上履きもあった方がいいです。スリッパを使うくらいなら、裸足の方がいいです。でも、トイレに行ったり、外に出て看板の前で家族写真を撮る場合に備えて、上履きはあったほうがいいです。

明るさのチェックは念入りに行いましょう。カーテンがしまっていたら開けて、照明がついていなかったら点けましょう。その上で、それぞれの場所において、どのような光が支配的になっているかイメージしながら、色温度の調整を行いましょう。黄色が強すぎると、あどでレタッチしても修正しきれない場合があるので、注意です。

最新のフルサイズカメラの場合、オートホワイトバランスで対応できるかもしれません(場所や条件によります)。APS-Cサイズのカメラや古いカメラになってくるほど、マニュアルで設定する箇所が増えてくると考えて間違いはないでしょう。逆に言うと、APS-Cや古いカメラで合っても、こまめに調整することによって、品質を満たした写真は撮れます。そのための準備をしっかりしましょう。

体育館

撮影場所の確認もします。かけっこはどの位置で撮ると良いのか?カーブは一瞬ですぎてしまうので、直線で撮る方が無難です。そして、背景は太陽光が届かない場所よりも、窓がある明るい場所の方がいいです。観客席の邪魔にならないことも大切です。

ISO感度の限界も確認しておきます。いざと言うときには、ISO感度を上げて撮影しますが、このときの限界値を確認して、通常の撮影ではここまで、どうしようもない場合にはここまで上げるといった数値を確認しておきましょう。

撮影方法

カメラ+ストロボ
  • ストロボ直あて
  • 色温度の小まめな調整
  • ストロボ温存&交換

各々の競技の撮影方法は、それぞれの記事を参照してください。

ストロボは、直あてです。バウンスにしても、体育館では反射する場所が遠すぎますし、壁や天井が白ではありません。子ども写真では、スキントーン(肌の色)がきれいに出ることが必要条件です。

上記でも書きましたが、色温度はカメラを向ける方法、トリミングの範囲、時間等に応じて変わってきます。こまめに確認しながら調整しましょう。

体育館での運動会の撮影では、ストロボへの負荷がとても大きいです。ハイスピードモードを頻繁に使うので、バッテリーの消耗が激しかったり、光量が安定しなかったり、ときには光らない場合もあります。

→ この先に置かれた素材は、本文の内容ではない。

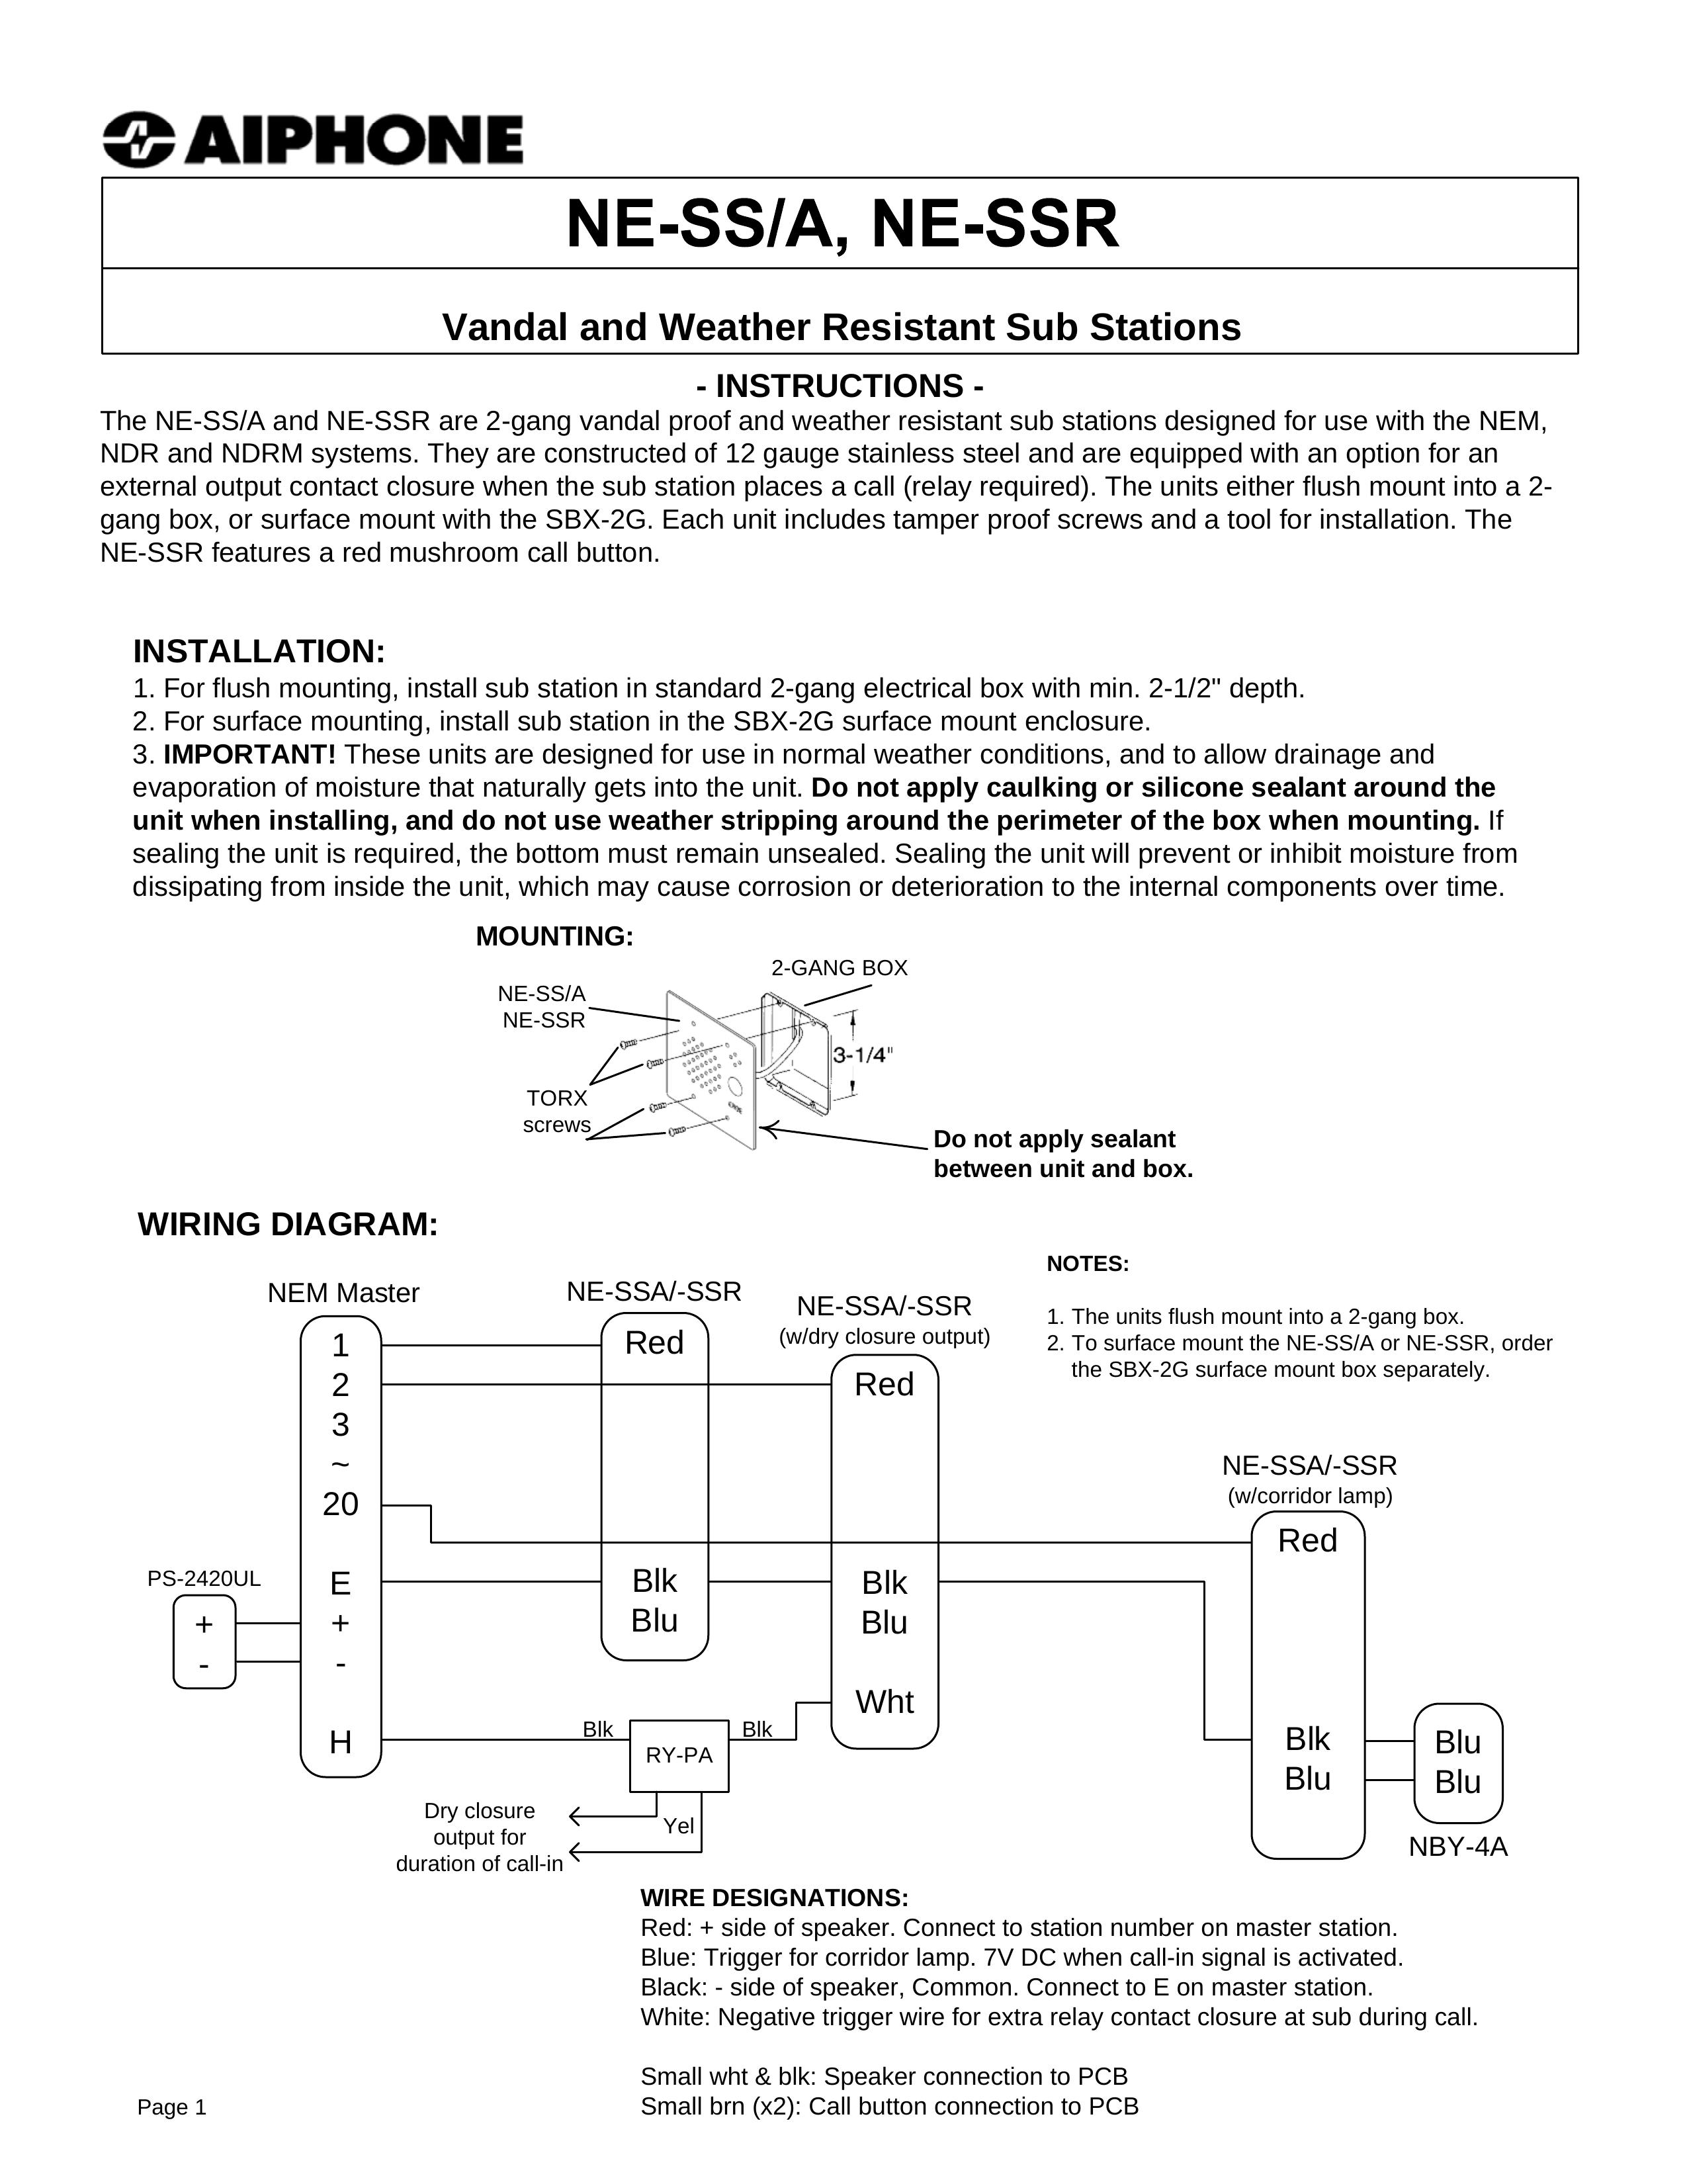 Aiphone NE-SS/A Marine Radio User Manual

幼稚園、保育園での撮影では、全撮りが大前提です。競技をする園児をくまなく撮影する必要があります。自分では撮影したつもりでも、ストロボが光らなければ、露出不足で使える写真にはなりません。いざと言うときに、こんな状況にならないように、ストロボを温存、もしくは頻繁に交換しておきましょう。

注意点

園児、児童
  • ストロボ状態チェック
  • 色温度チェック
  • 距離が近い
  • 親御さんの邪魔にならないように
  • 水分補給

ストロボの状態チェックや色温度のチェックは、上記までに記載した通りです。

距離が近いことについては、とくにかけっこについて、せまい体育館の中で、スタートゴールがあります。乳児は直線です。スタートしたら、あっという間にゴールです。集中してしっかり撮影しましょう。測距点をエリアにする場合は、床など想定外の場所にピントが合わないように注意しましょう。

幼稚園児、保育園児はとても小さいです。カメラマンはしゃがんで撮影していても、園児が隠れてしまうことがあります。親御さんの邪魔にならない位置で撮影しましょう。どうしてもその場所で撮影する必要がある場合は、素早く撮影して、移動しましょう。

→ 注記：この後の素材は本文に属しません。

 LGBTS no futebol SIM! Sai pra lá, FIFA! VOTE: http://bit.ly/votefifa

体育館は蒸します。カメラマンの体調管理も十分に気を付けましょう。特に水分補給も忘れずに、まめに行いましょう。運動会のカメラマンは体力仕事です。

最後に

猫 レオ 昼寝

いかがでしたか?幼稚園や保育園など、雨天延期を避けるために、最初から体育館での開催を計画する場合も多いです。雨天により、体育館で開催もあります。つまり、小さい子どもの場合は、体育館での開催が多くなります。

昔の体育館は、照明が特殊で、普通に写真を撮ると黄色が強く出てしまいました。最近の体育館ではだいぶ改善されてきましたが、いまだに、カメラマンにとっては難所だと思います。クリップオンのストロボで、シャッタースピードが速め、しかも、明るい雰囲気で撮る(背景が落ちないように)のは、結構大変です。

初めての撮影が体育館での運動会撮影と言う場合には、こちらを確認して、十分に準備をしておくと良いと思います。